Problem requirements: Omit the pictures and extract only the lines from the line containing "Photos: Tampa Bay’s" to the end of the material, each exactly as written.

Given material:
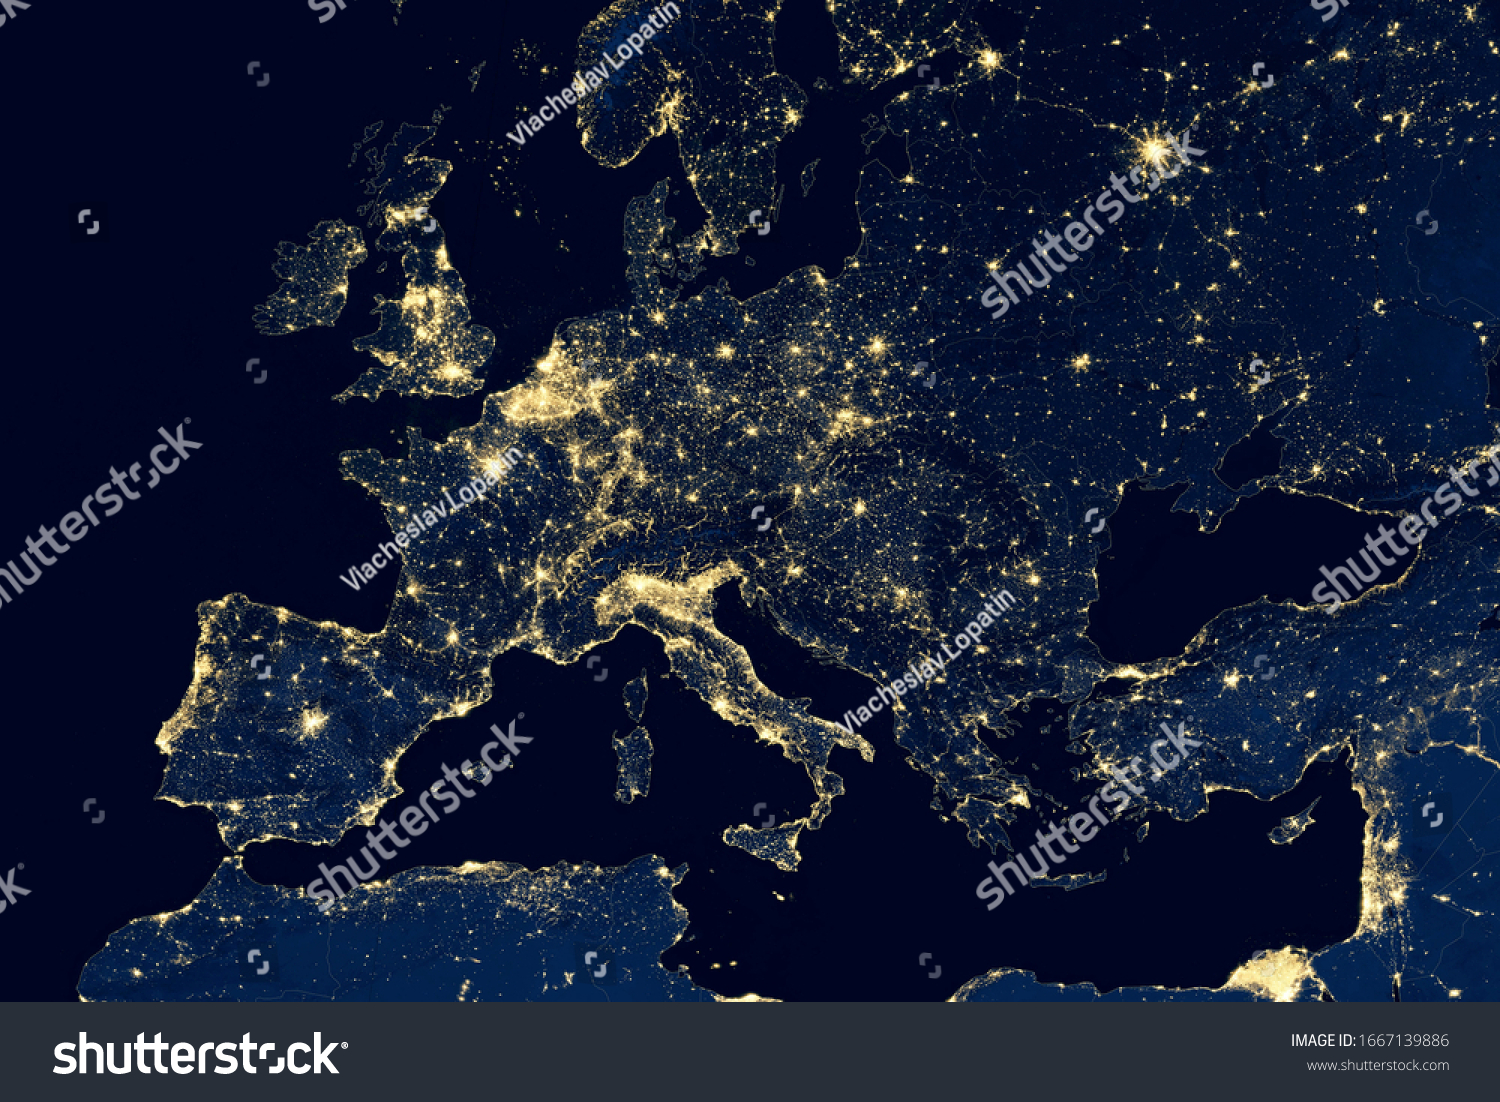 Europe map in global satellite picture, view of city lights on night Earth from space. EU, UK and Mediterranean, World part in orbit photo. Elements of this image furnished by NASA. #1667139886
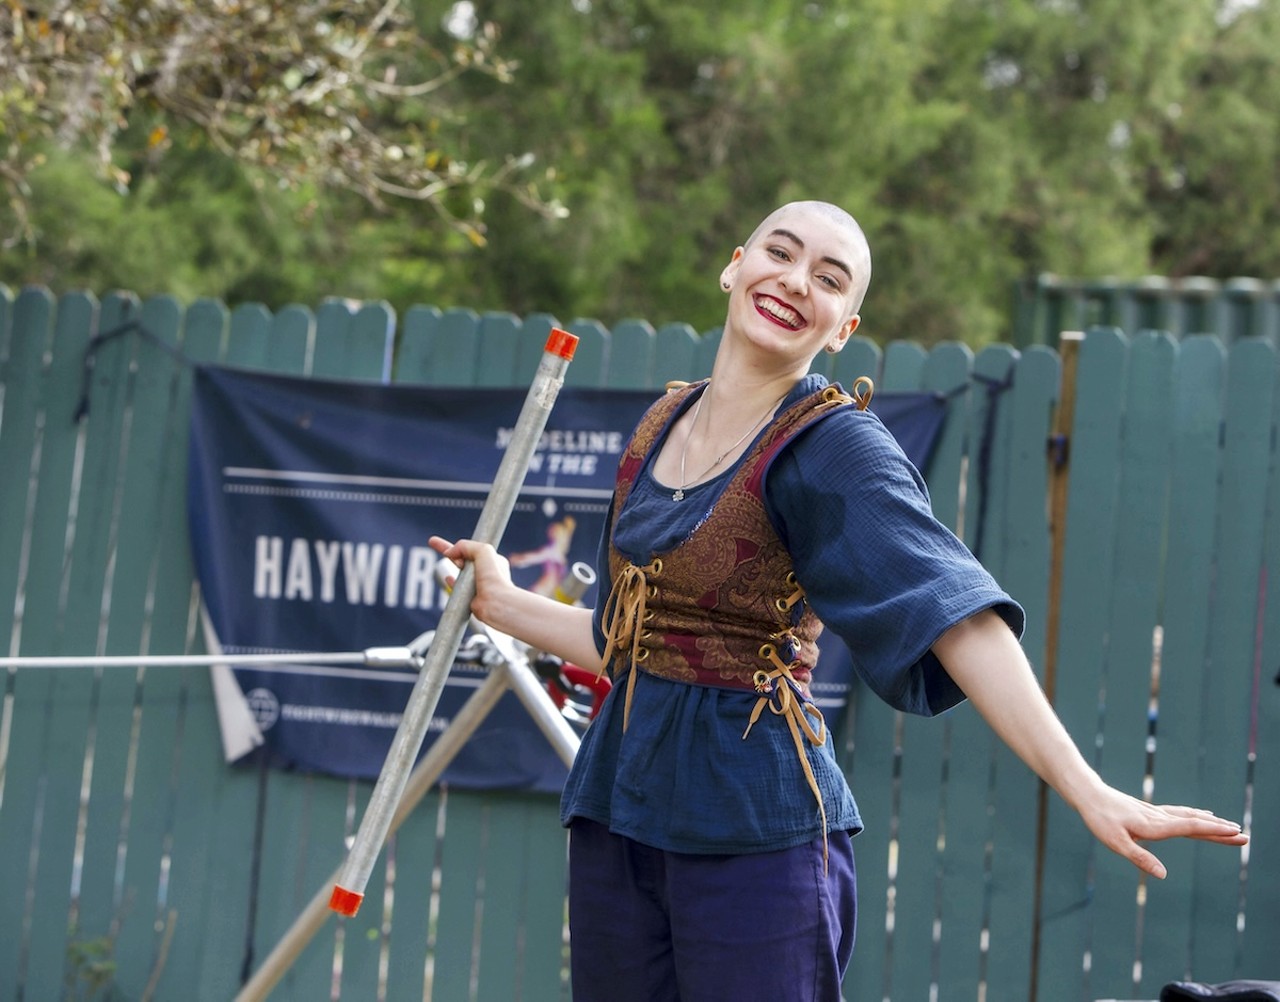 Photos: Tampa Bay’s Renaissance Festival and St. Patrick’s Day collide in Dade City
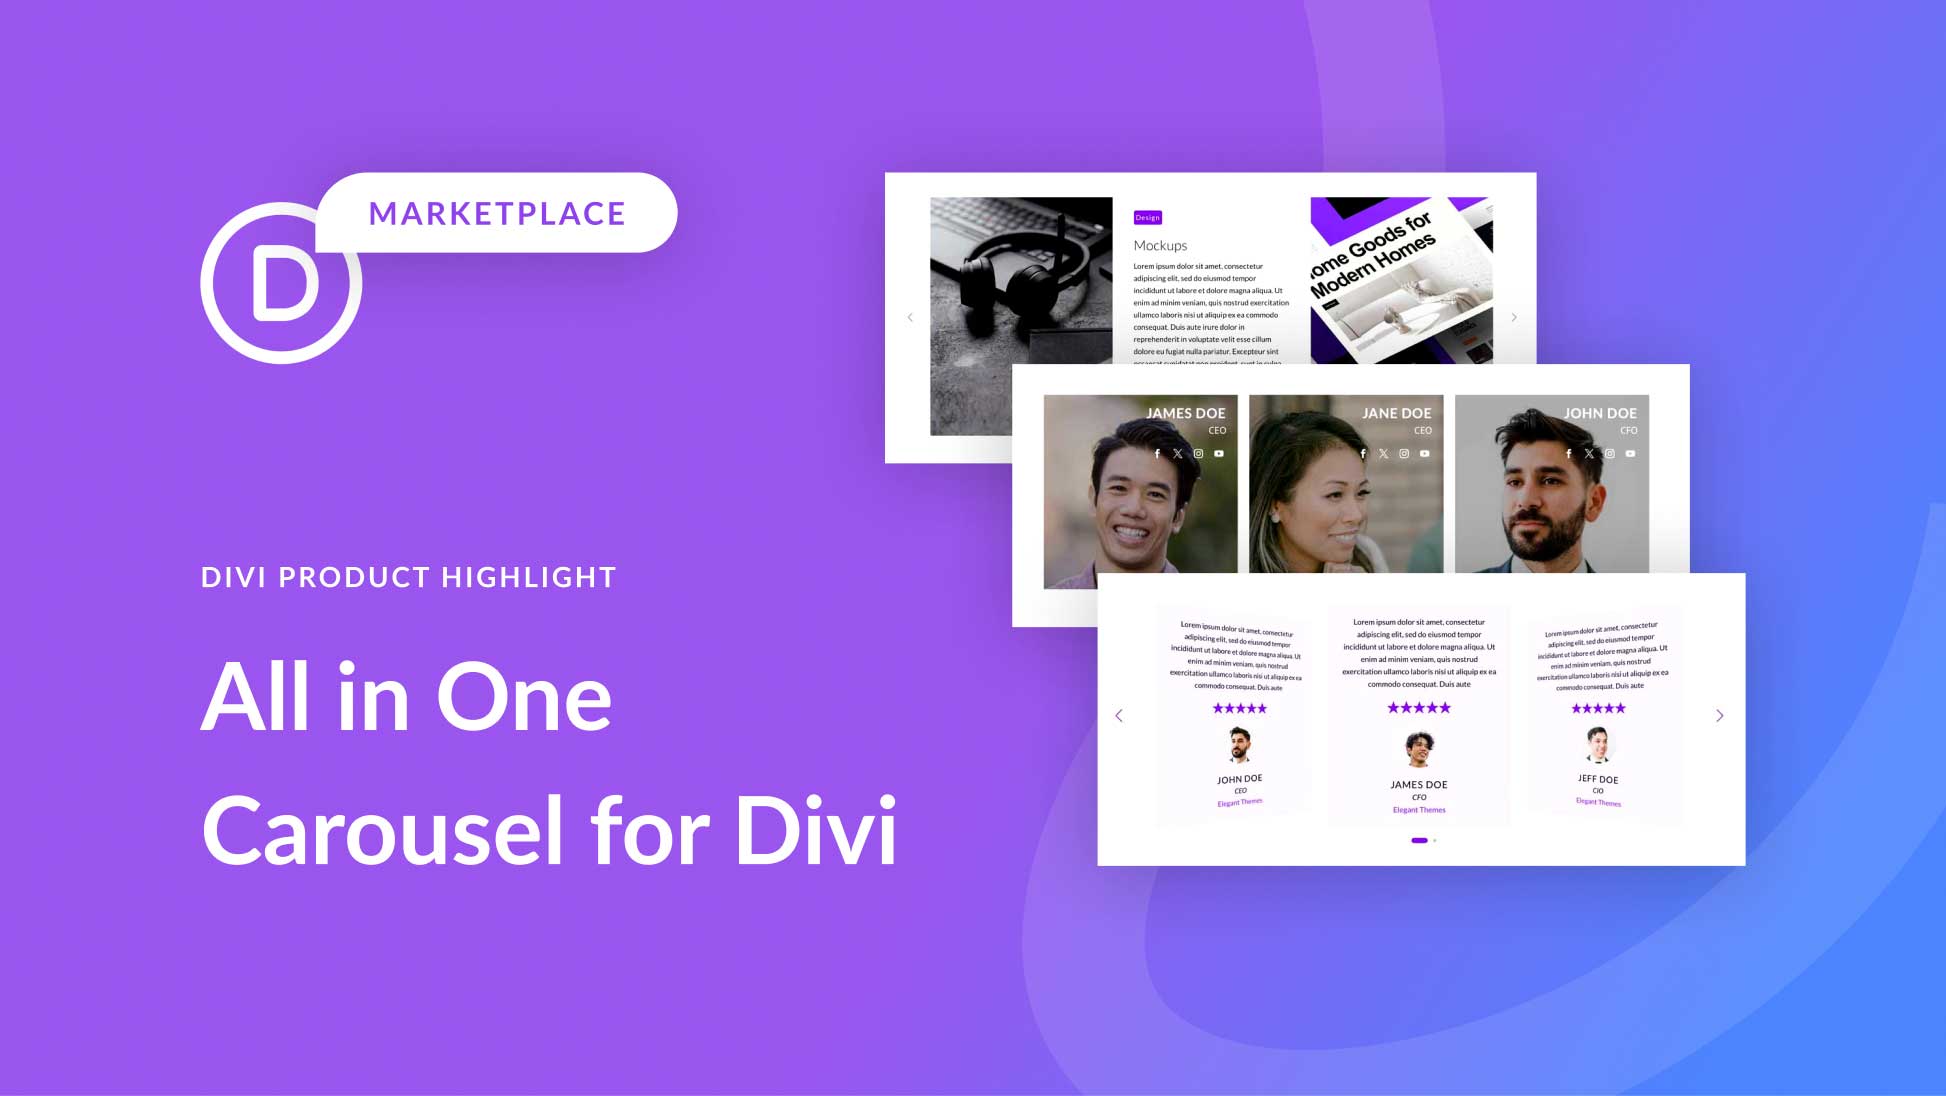 Divi Product Highlight: All in One Carousel for Divi

Written answer:
 Photos: Tampa Bay’s Renaissance Festival and St. Patrick’s Day collide in Dade City
 Divi Product Highlight: All in One Carousel for Divi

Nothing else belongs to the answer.